Graduation declaration

This blog is about my middle born child's graduation. Trent, my second born manchild is graduating in exactly one week. What does this mean to me? Well, it means that I am preparing for his open house on this Saturday, for one. We Dudleys celebrate early and get it over with. We are having a pre party and getting things started for all the grads. That's really the easy part, if you can believe it. Feeding people is kinda easy for me. Getting my house ready? Eh, I'll make it happen. Not too stressed about the party.... other than one small piece.
I have had this thought in my head that I needed to get Trent's scrapbook done, like literally all year long I've been internally nagging myself. He was 14 in scrapbook years... not one page of high school had happened. I had some of the photos copied, had purchased the actual book and paraphernalia and had great plans of making it happen. It didn't happen. I had resigned myself to the fact that it wasn't going to and then, in a moment of weakness... I decided that I had to make it happen. That moment was on Sunday of this week.

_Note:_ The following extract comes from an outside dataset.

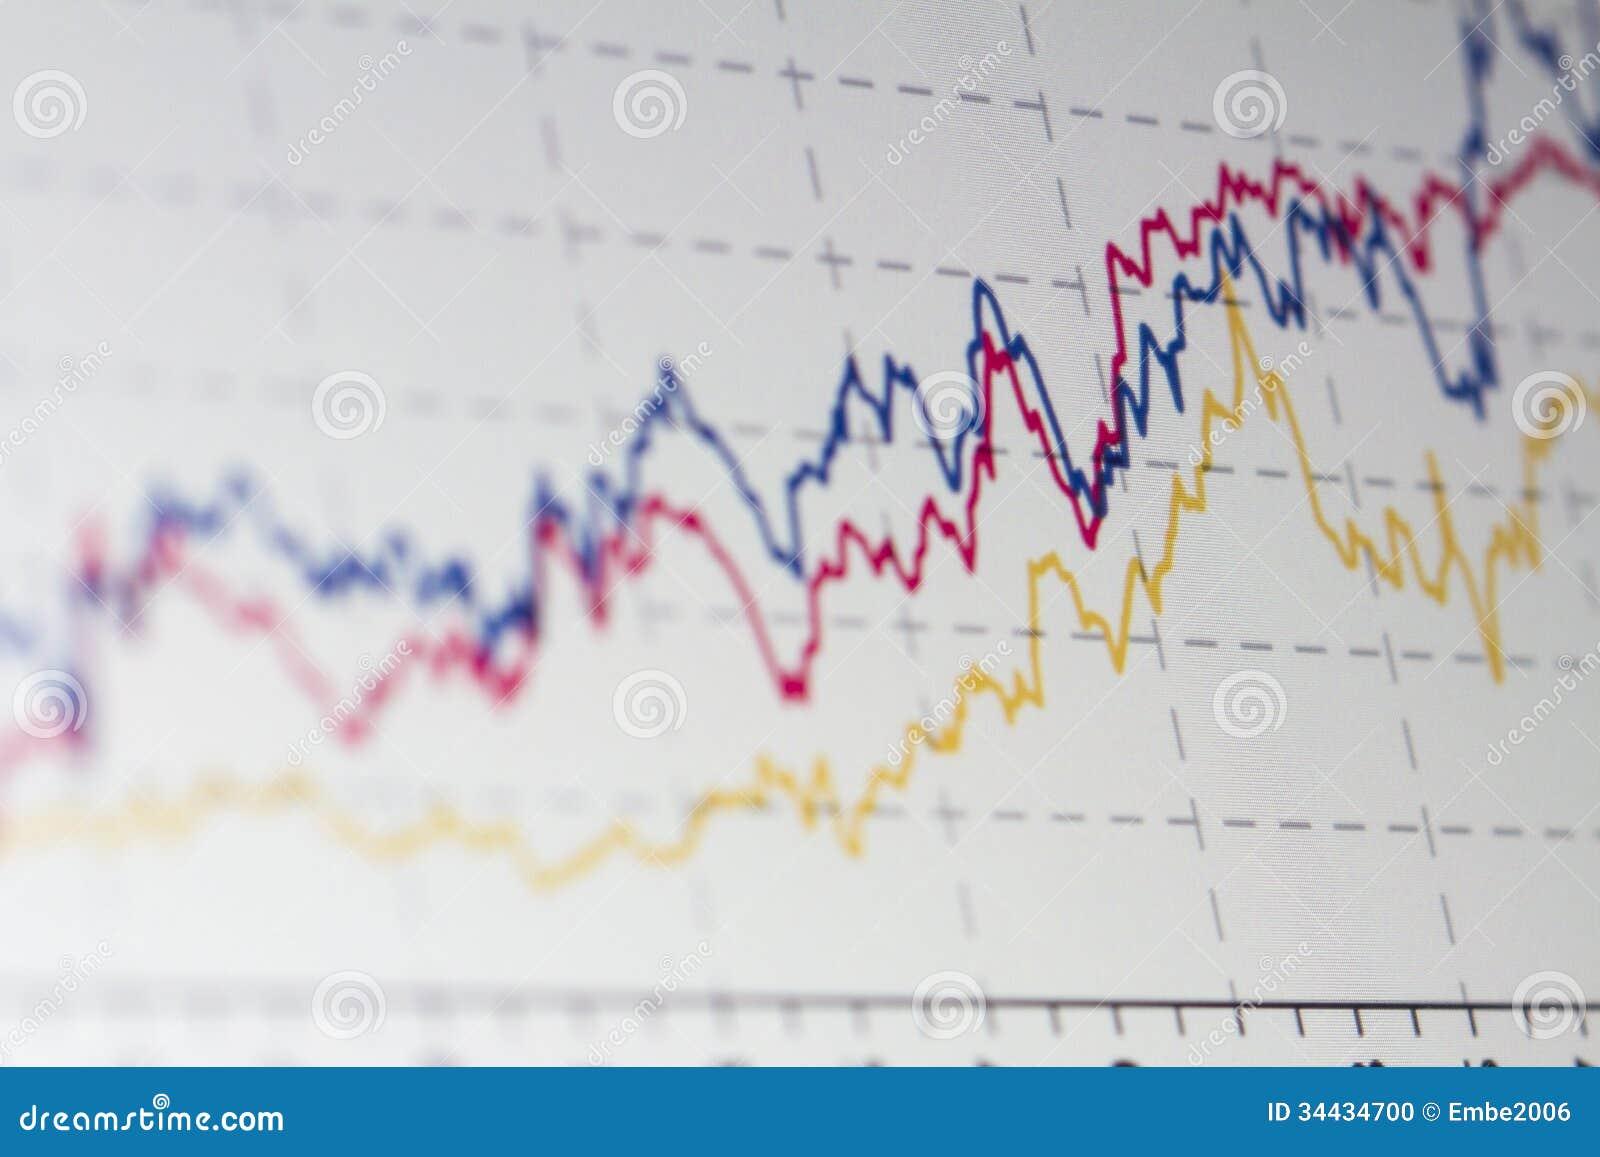 Diagramme de marché boursier

Fast forward: It's almost done. I am waiting on photos from shutterfly from his Sophomore year XC that our buddy Brian took, but other than that, it's actually ok. I am happy with the result. Here's the thing: The scrapbook really doesn't matter one iota, I guess that is really a word, no little squiggly line appeared under it. So, yeah, it really doesn't matter, what does matter is the unsettledness that I have been feeling regarding my little Trentie graduating. It was underlying and so I wasn't addressing it. I think it manifested itself in this silly scrapbook. I am really happy about Trent's plans, he's going to Whitworth, which is where his brother is, so that makes me happy. He'll have his brother and also we know the coach and are really pleased with the whole deal. I am just not ready to let him go yet. I really thought that the second kid leaving was going to be easier, man I was wrong. He's not even leaving yet and I'm a mess. We've had a few of the award nights that the school has. Trent has been a recipient of all of them, which is cool, but also just dragging out this event. He received accolades from his track coach at that event. He was recognized a few times at the senior awards night for brains and athletics and received the "Coach Award" for XC at the senior sports award night. It was fun to watch him shine, but again, bittersweet for the mama and papa.

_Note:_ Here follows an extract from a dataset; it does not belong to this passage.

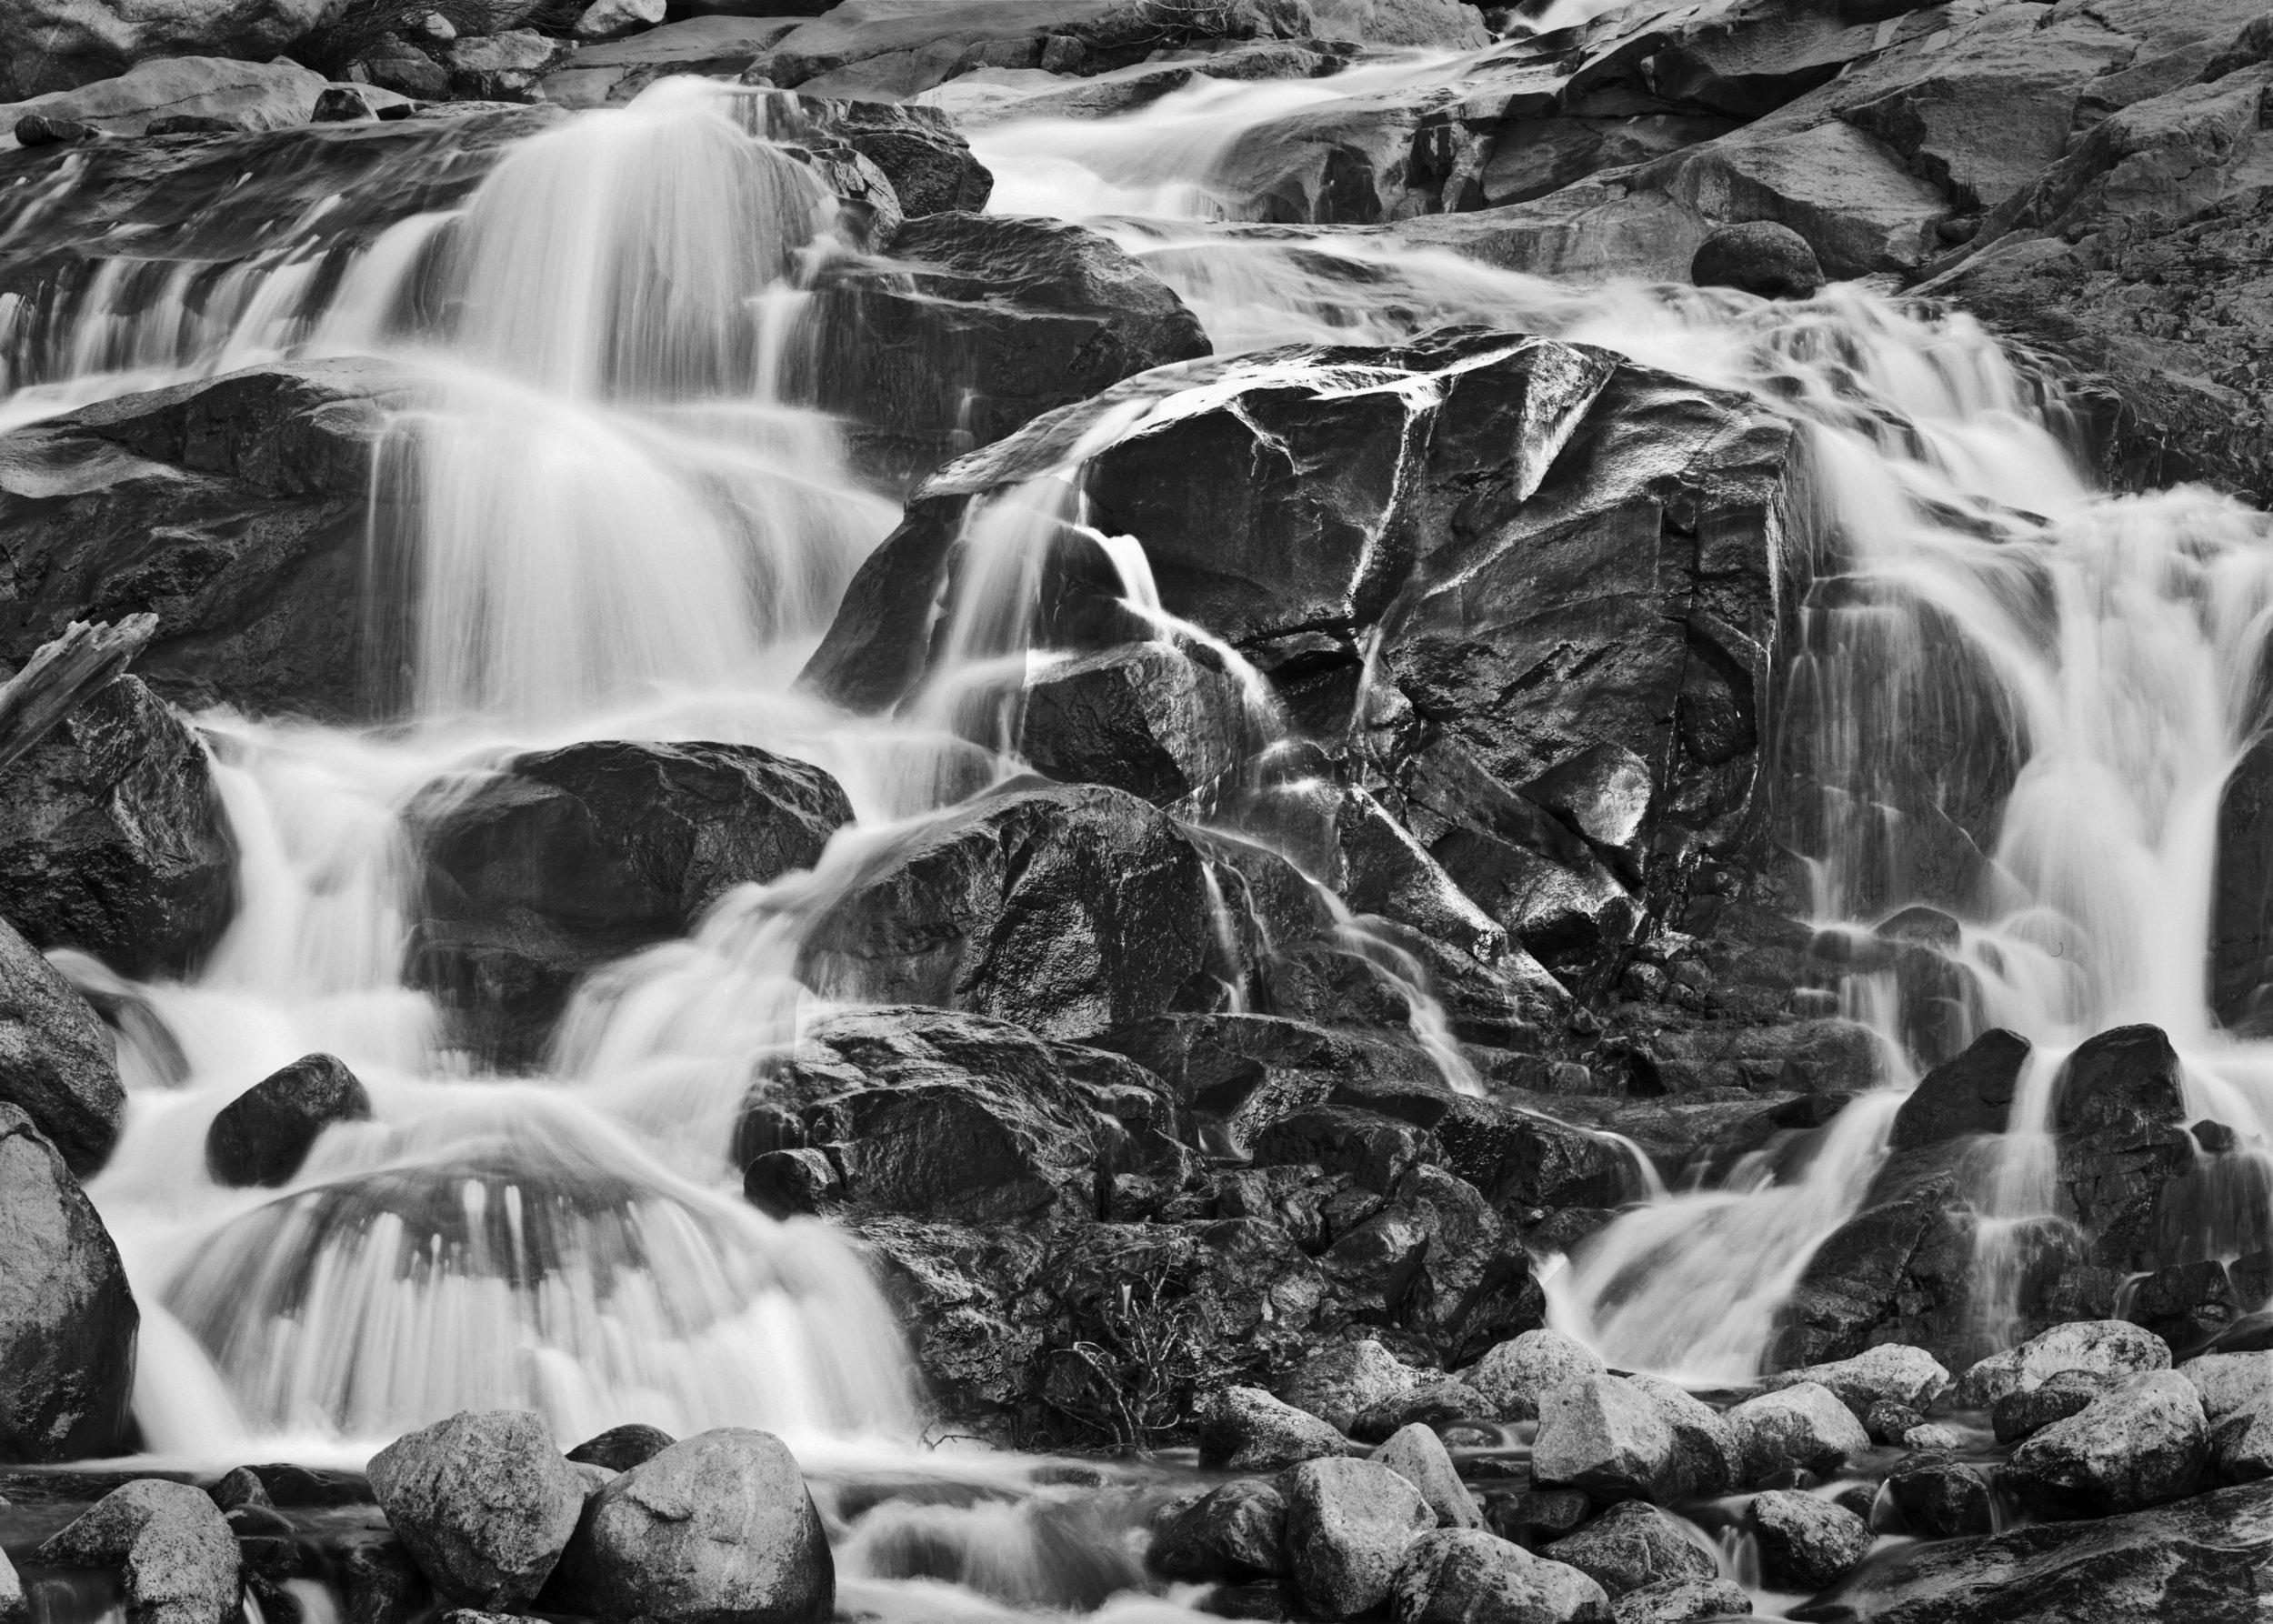 392_Alluvial_Falls.jpg

So, the last scrapbook page I did for my Trentie: I captured a pic of him running this early spring, before Track. It was him running a hill workout right in front of his high school and there was a rainbow. I put that pic on the page and below it put this verse: "When the bow is in the clouds, I will see it and remember the everlasting covenant between God and every living creature of all flesh that is on the earth" At the top of the page I put "Go with God" I love it. It made me feel such a peace. I gave my angst and unsettledness and all of the junk to God. So glad that God is so faithful to me and meets me where I'm at time and time again. Of course Trent will be fine. Of course he'll go and do great things for the Kingdom, why do I fret? Sorry God, sorry that I, yet again, question and worry.